Location of the GPI-PLC in intact cells before and after release of the VSG.
Panel A shows a cell in a fully energized trypanosome incubated for 45 min at 37°C in the presence of glucose (10 mM). Panel B, shows a cell incubated for 45 min at 37°C without glucose but with 2-deoxyglucose (10 mM) added. In each case panel (1) is a merge of the DIC (gray) and Hoechst stained nucleus and kinetoplast (blue) images, panel (2) is the GPI-PLC image (magenta) and panel (3) is a merge of all images. Panel C shows the time course of the release of the VSG from bloodstream form trypanosomes in the absence of glucose but in the presence of 2-deoxyglucose measured as absorbance of the supernatant of cells at 280 nm. Panel D, image 1 shows the Coomassie blue stained proteins after SDS-PAGE of bloodstream form trypanosomes (MITat 1.1) incubated for 60 min in the presence of glucose (track a) and in the absence of glucose but with 2-deoxyglucose added (track b). Panel D, image 2 shows an equivalent western blot. Bars, 5 µm.
Figure 8.
Scheme 1. Cartoons showing the arrangement of VSG dimers shielding the GPI-PLC at 37°C and allowing access to the GPI-PLC at 0°C as well as the cross-sectional relationships between the GPI-PLC and other surrounding structures.

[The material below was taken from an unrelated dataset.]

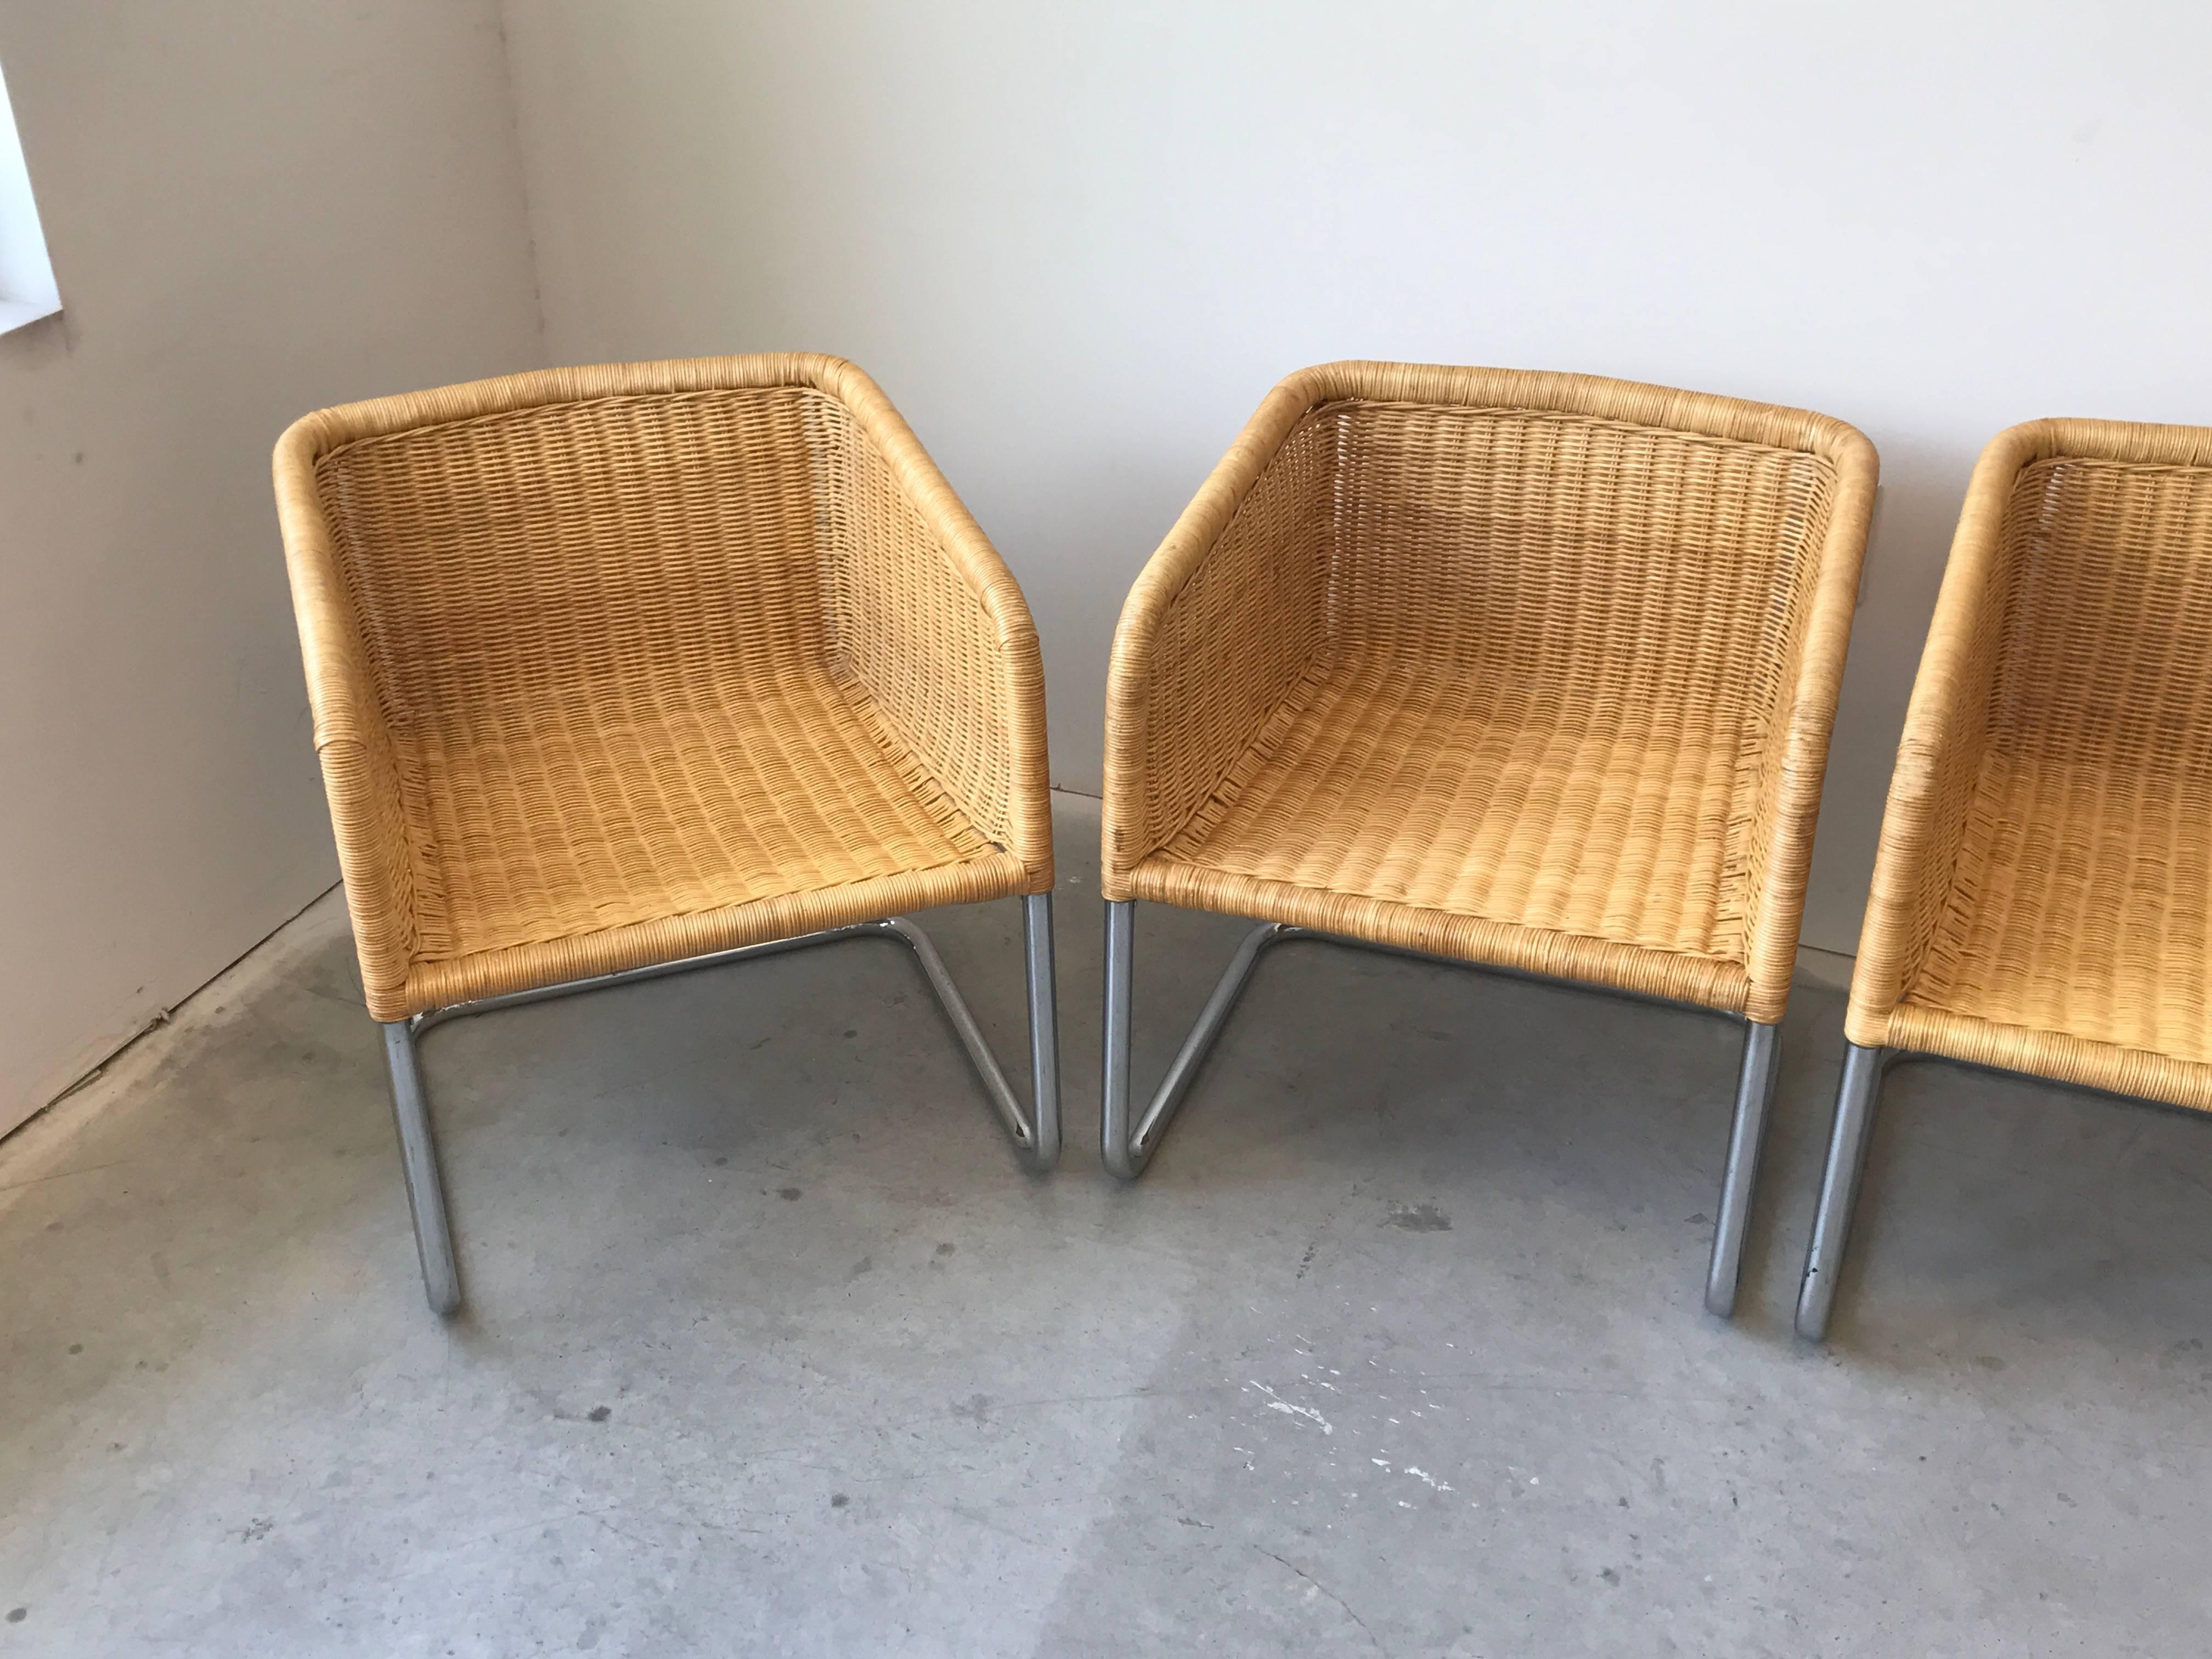 Offered is a fabulous, set of four, 1970s Fabricius and Kastholm style wicker basket cantilever chairs with chrome bases. Extremely sturdy and comfortable. Can easily dress up with a seat cushion.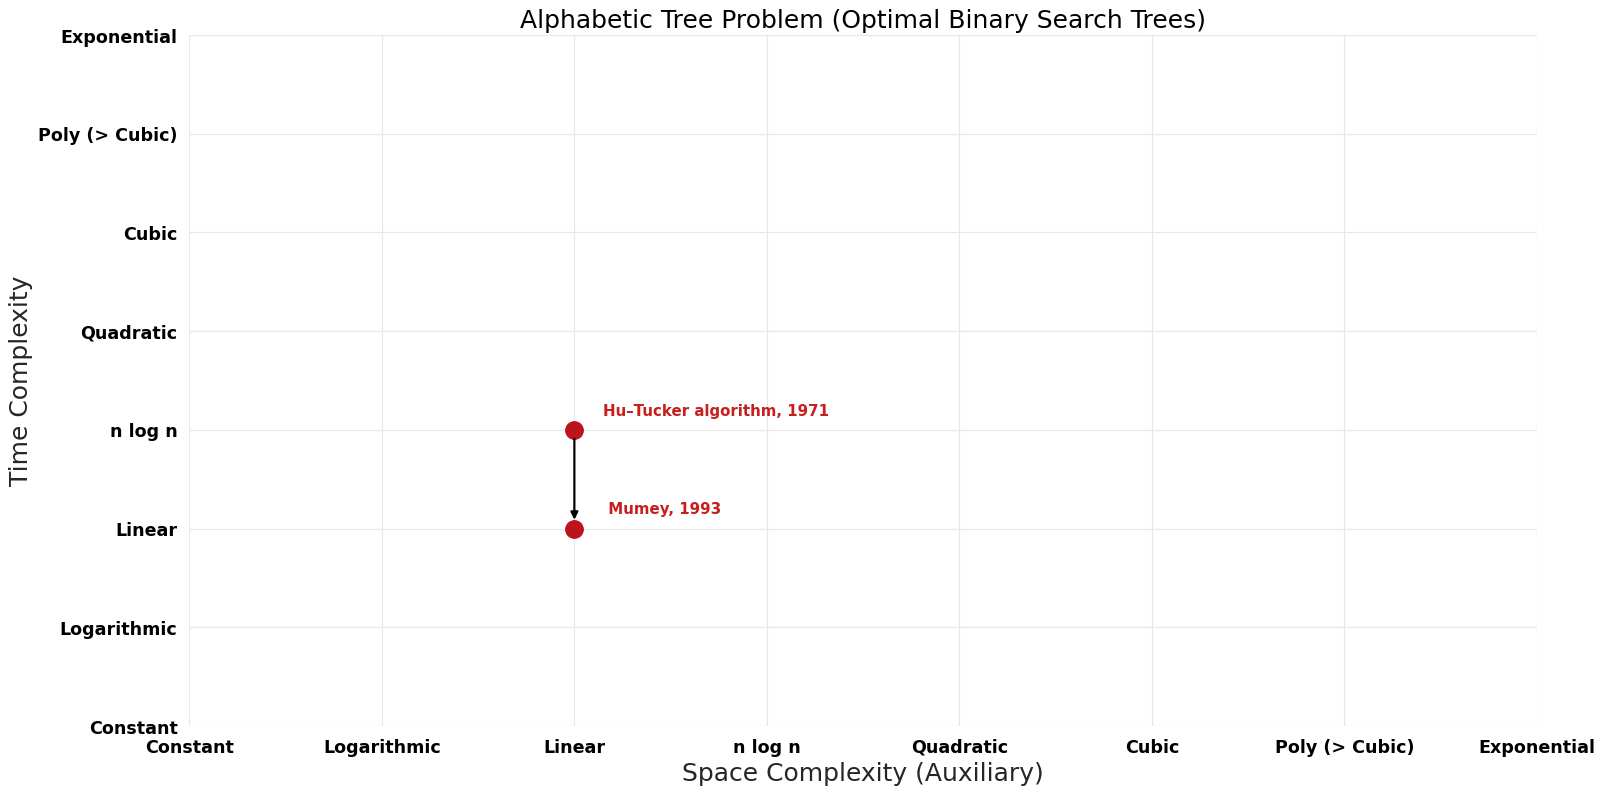 Optimal Binary Search Trees - Alphabetic Tree Problem - Pareto Frontier.png

Panel A. Cartoon of the arrangement of VSG dimers (red & blue) on the outer leaflet of the plasma membrane of bloodstream form trypanosomes after mild cross-linking (black bars) of proteins by brief fixation (10 min) at either 37°C or 0°C. Subsequent access to the VSG is shown by the position of attached IgG anti-VSG (grey, mauve and turquoise) and access to a partially buried protein, such as the GPI-PLC (mauve), is shown by the position of attached or excluded IgG anti-GPI-PLC (yellow, green and grey). Panel B. Cartoon of a cross section through the cell body and flagellar compartment showing the relationships between the GPI-PLC and the flagellar attachment zone together with associated structures, including the ACPSMT, axonemal central pair single mictotubule; APMTD, axonemal peripheral microtubule doublet; DMT, diminished microtubule [29]; ER, loop of endoplasmic reticulum contacting the four constant microtubules within the flagellar attachment zone; FAZDB, flagellar attachment zone dense body; GPI-PLC (magenta), the glycosylphospatidyl-inositol phospholipase C; N, nucleus covered by inner and outer nuclear membranes; PMT, pellicular microtubule; PFR, paraflagellar rod; SCAC, surface coat covering the plasma membrane of the flagellar compartment; SCBC, surface coat covering the plasma membrane of the cell body compartment; TMF, one of the transmembrane fibrils connecting the paraflagellar rod to the flagellar attachment zone dense body.